Exercise description >>
Could the listing below be returned exactly, with its pictures left out?

Collected material section start

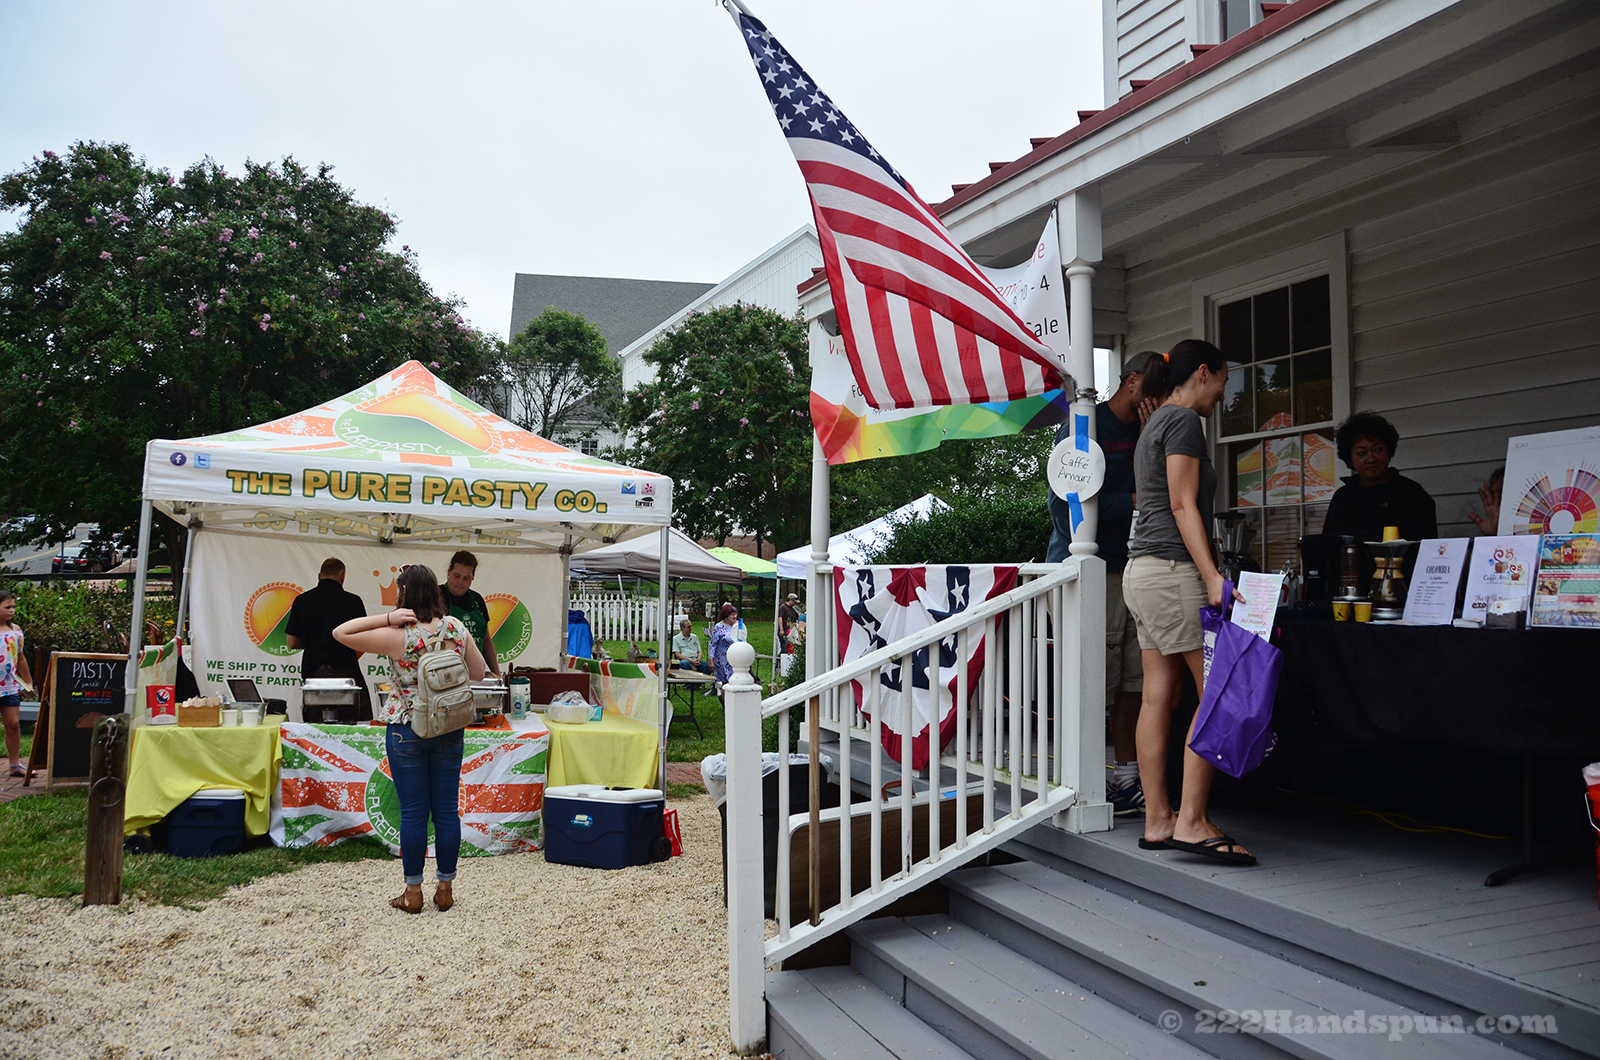 Vendors at the Market
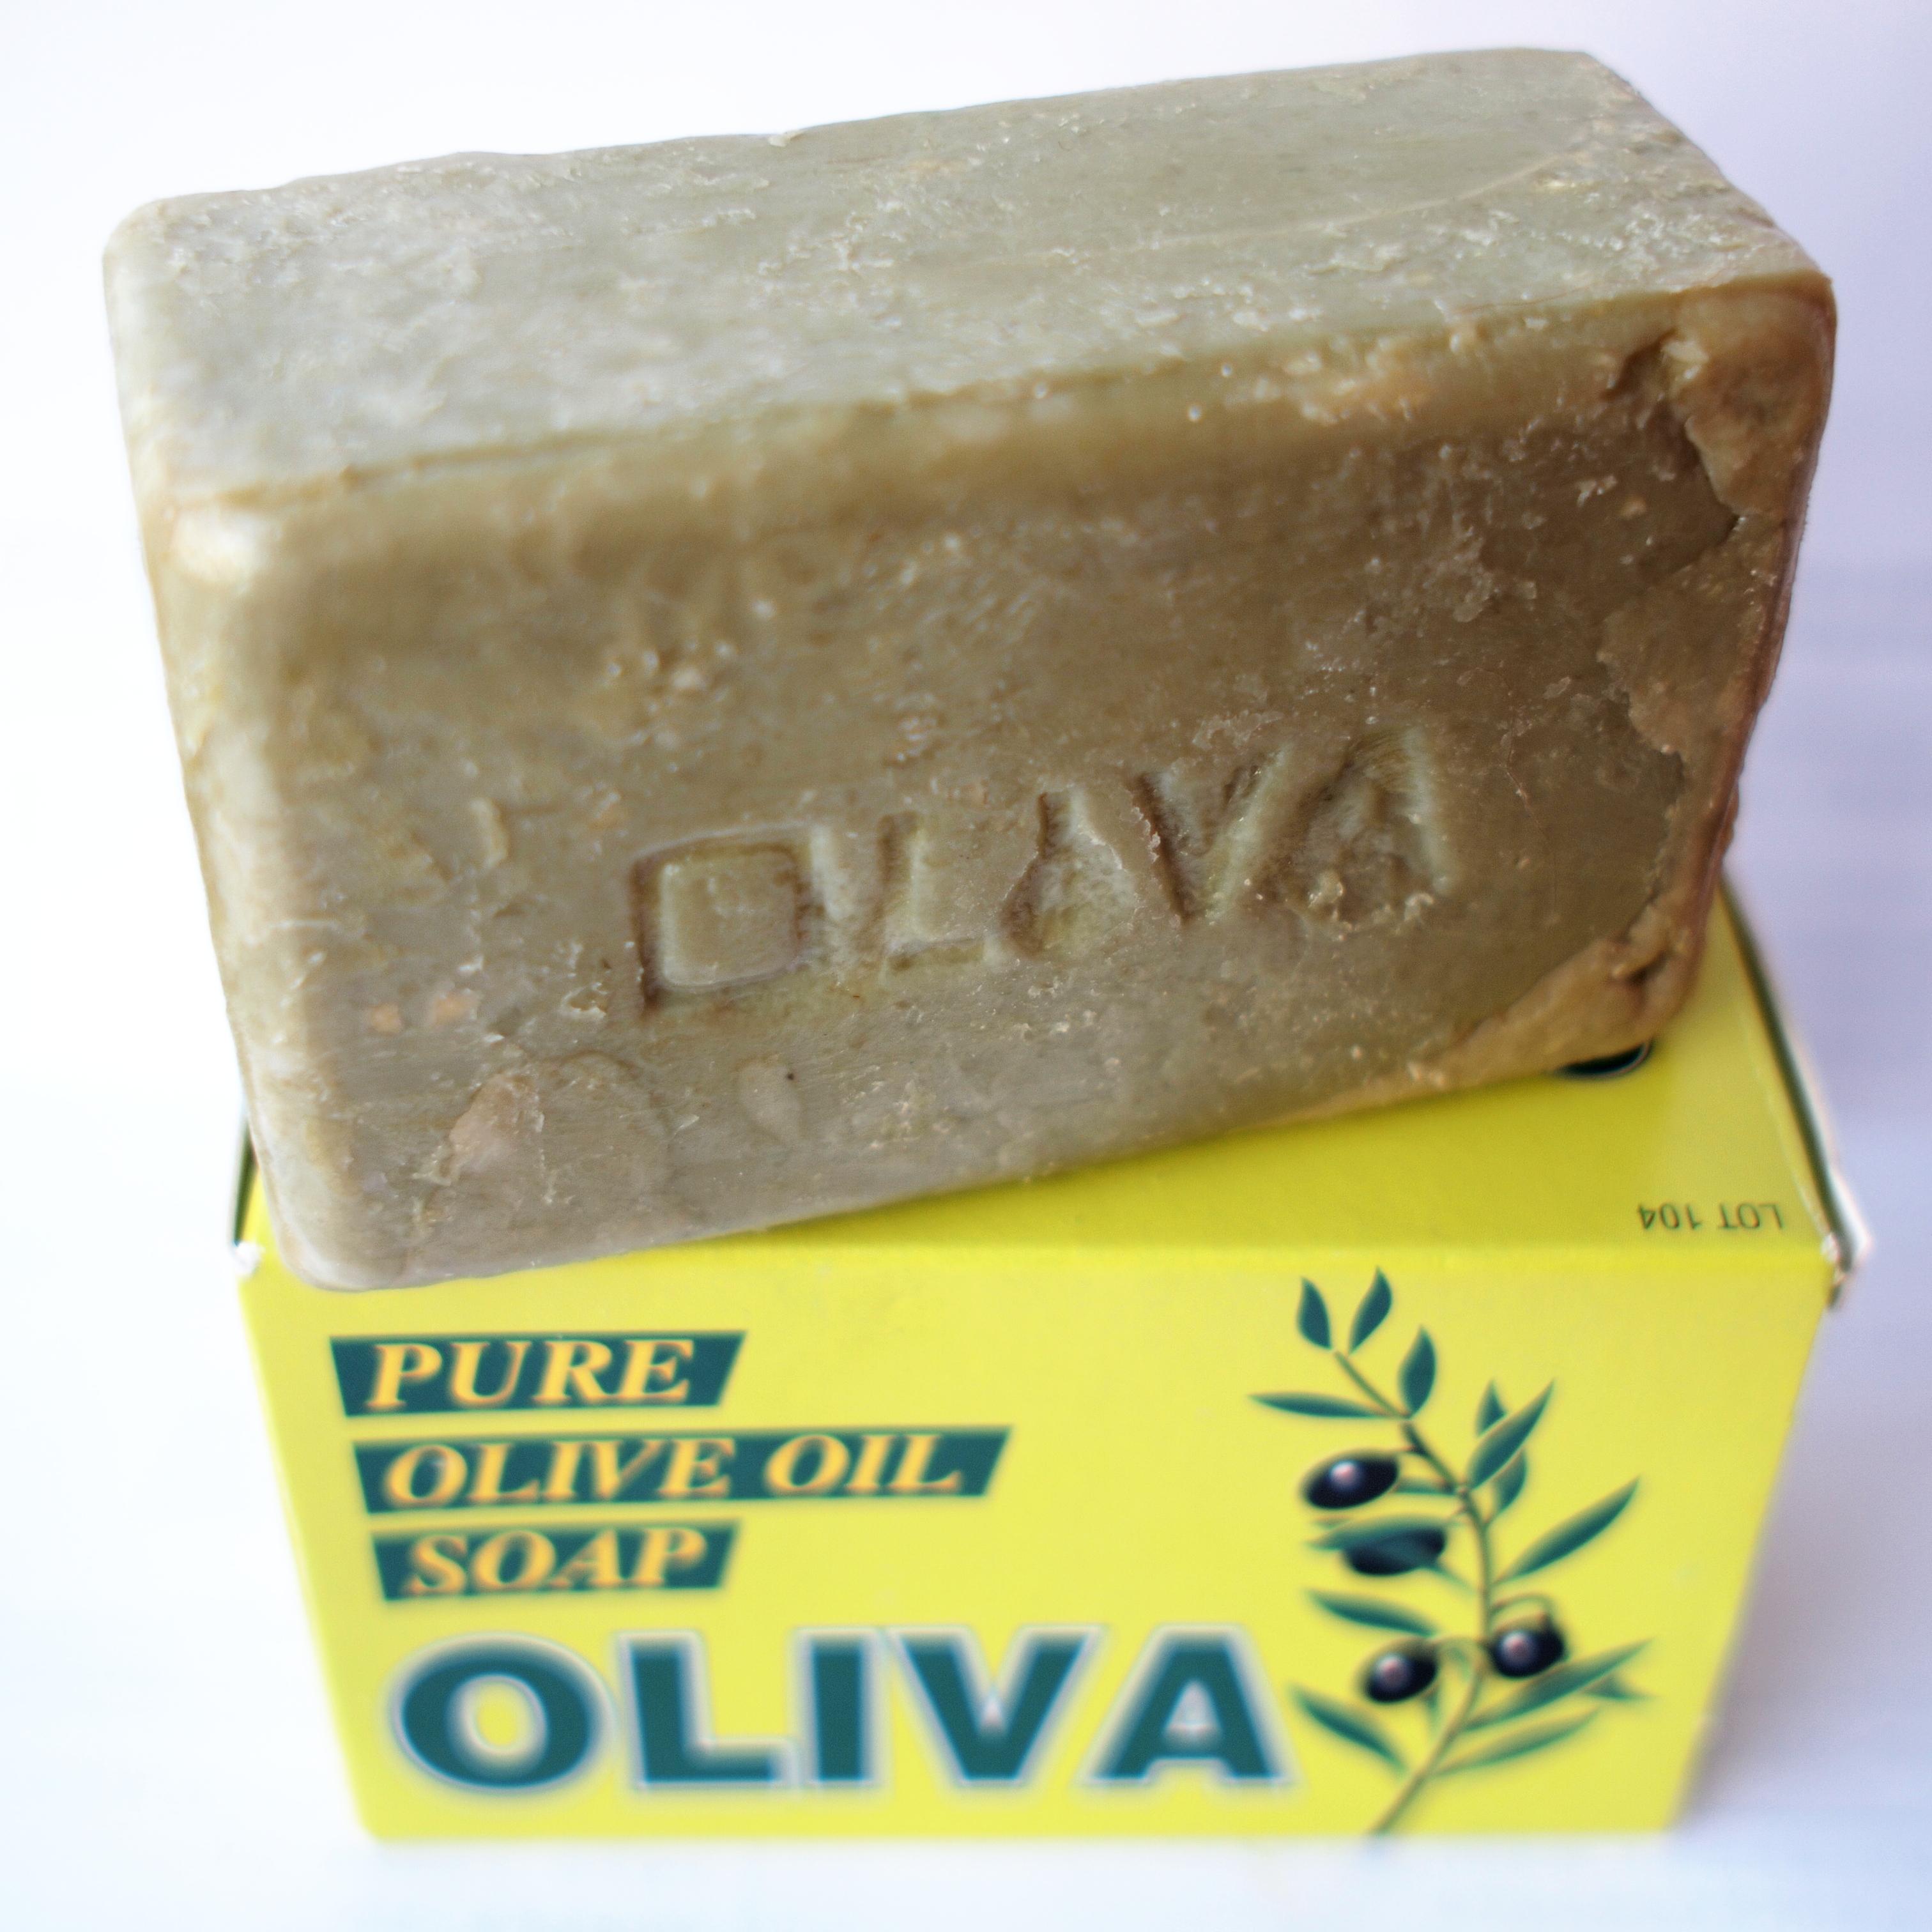 Vegan soap - Wikipedia
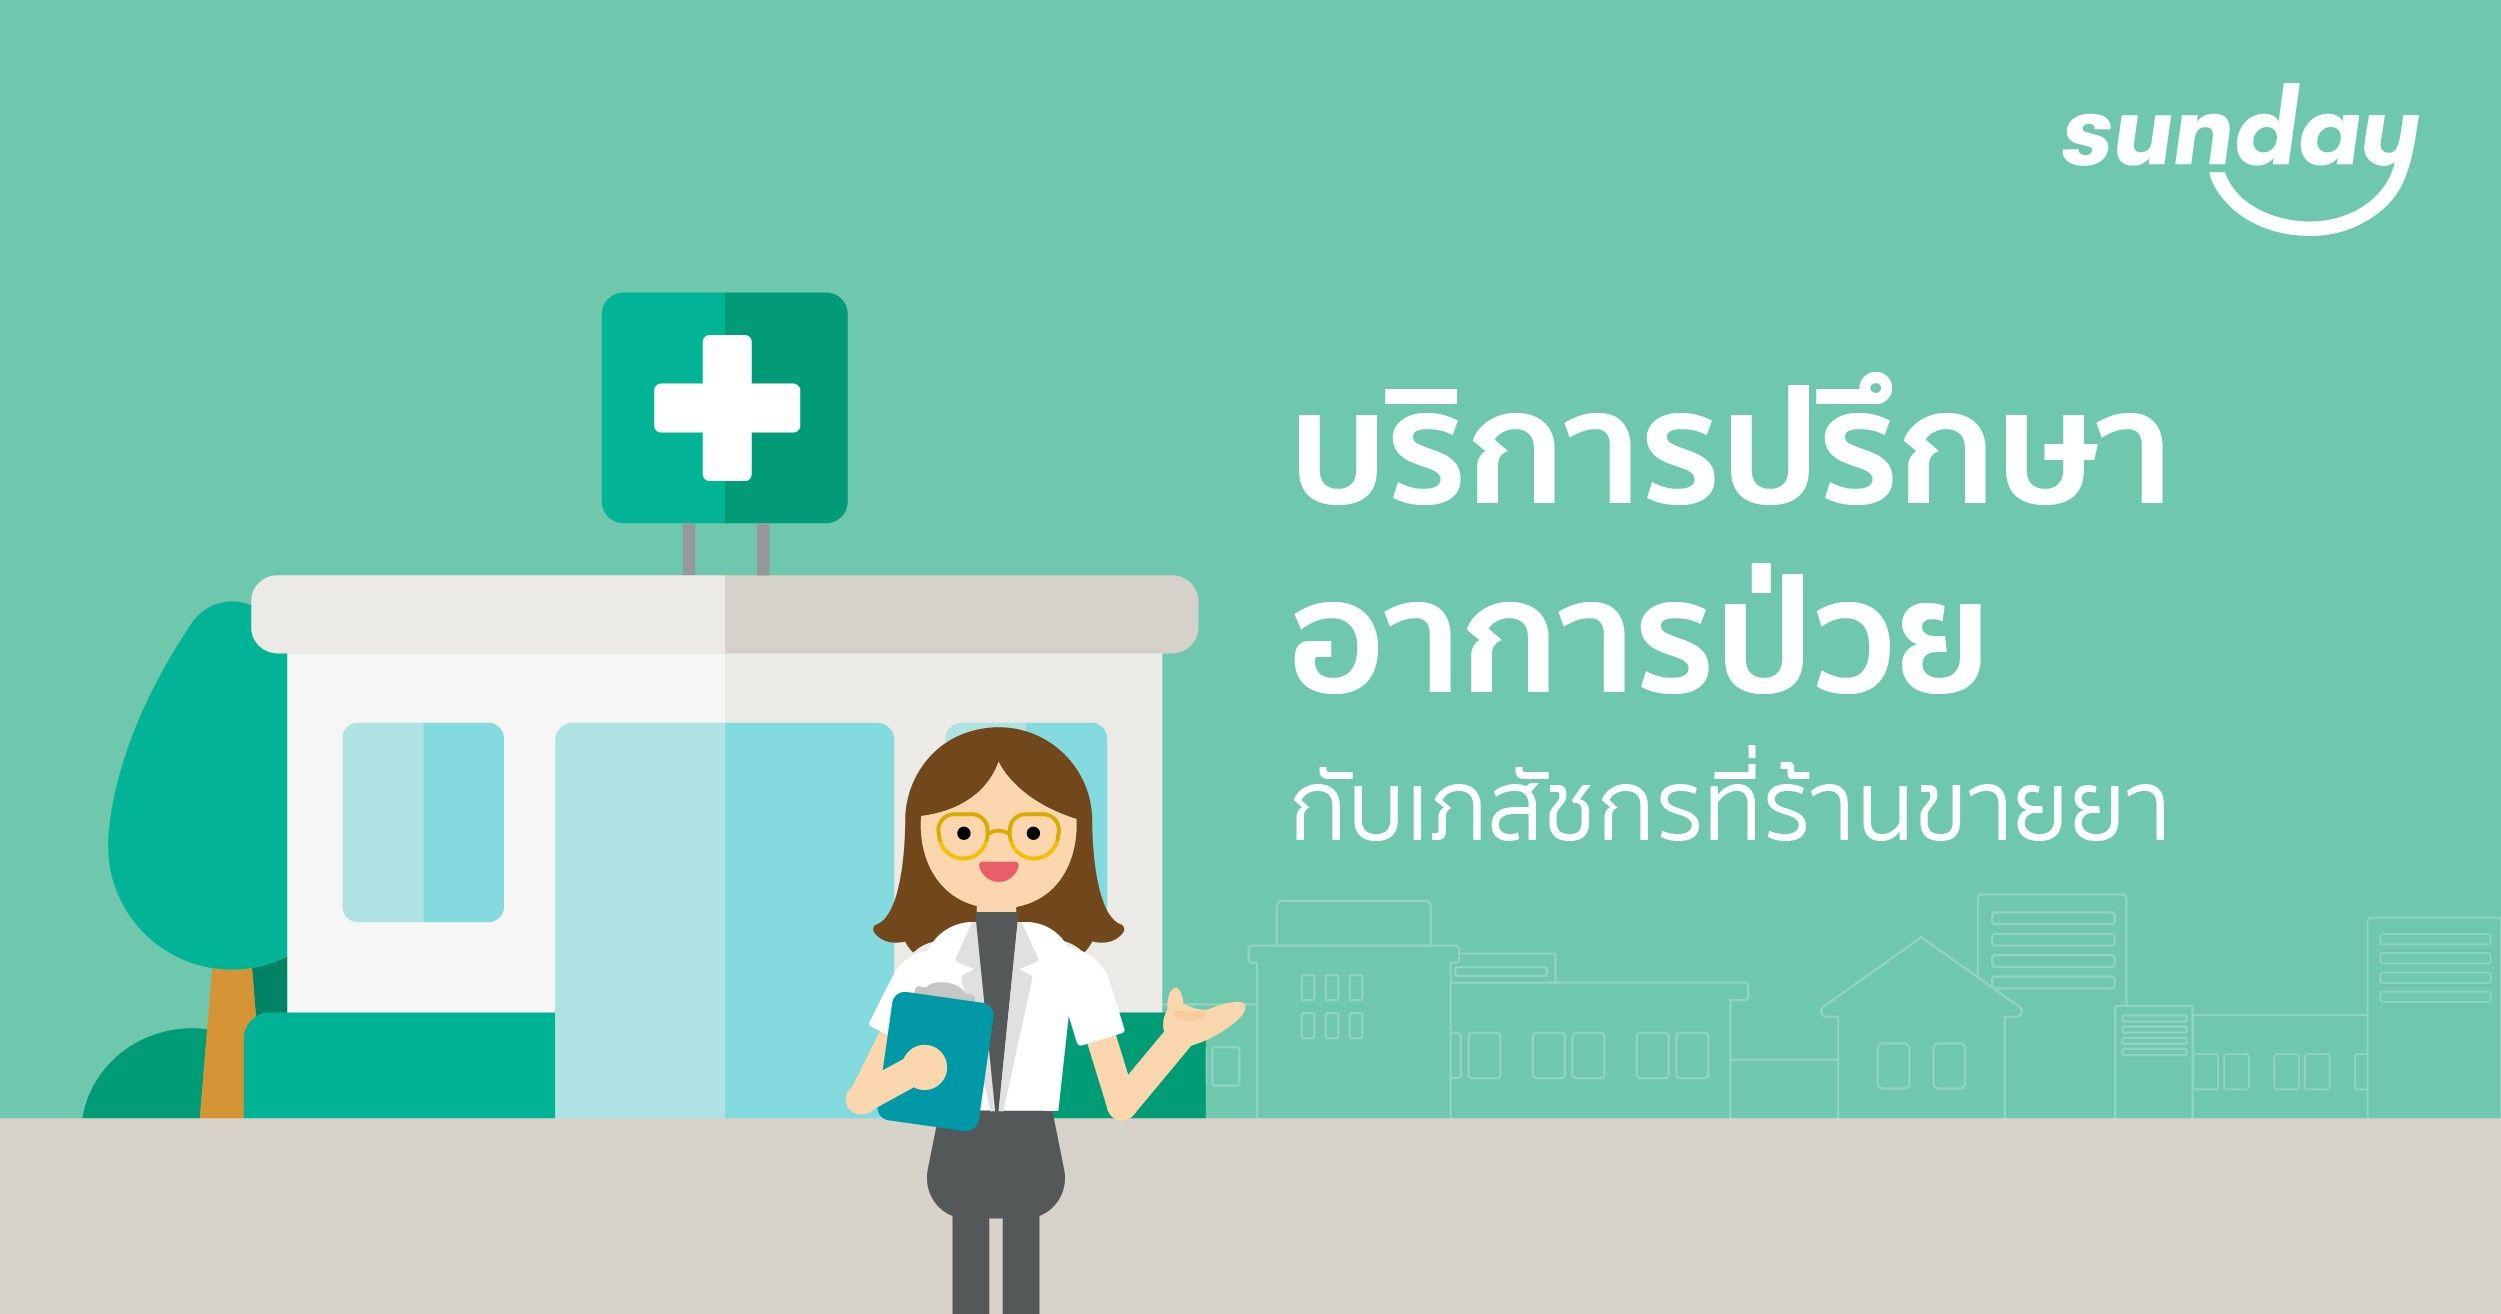 บริการปรึกษาอาการป่วยกับเภสัชกรที่ร้านขายยา คืออะไร?

Collected material section end

Solution for this exercise >>
 Vendors at the Market
 Vegan soap - Wikipedia
 บริการปรึกษาอาการป่วยกับเภสัชกรที่ร้านขายยา คืออะไร?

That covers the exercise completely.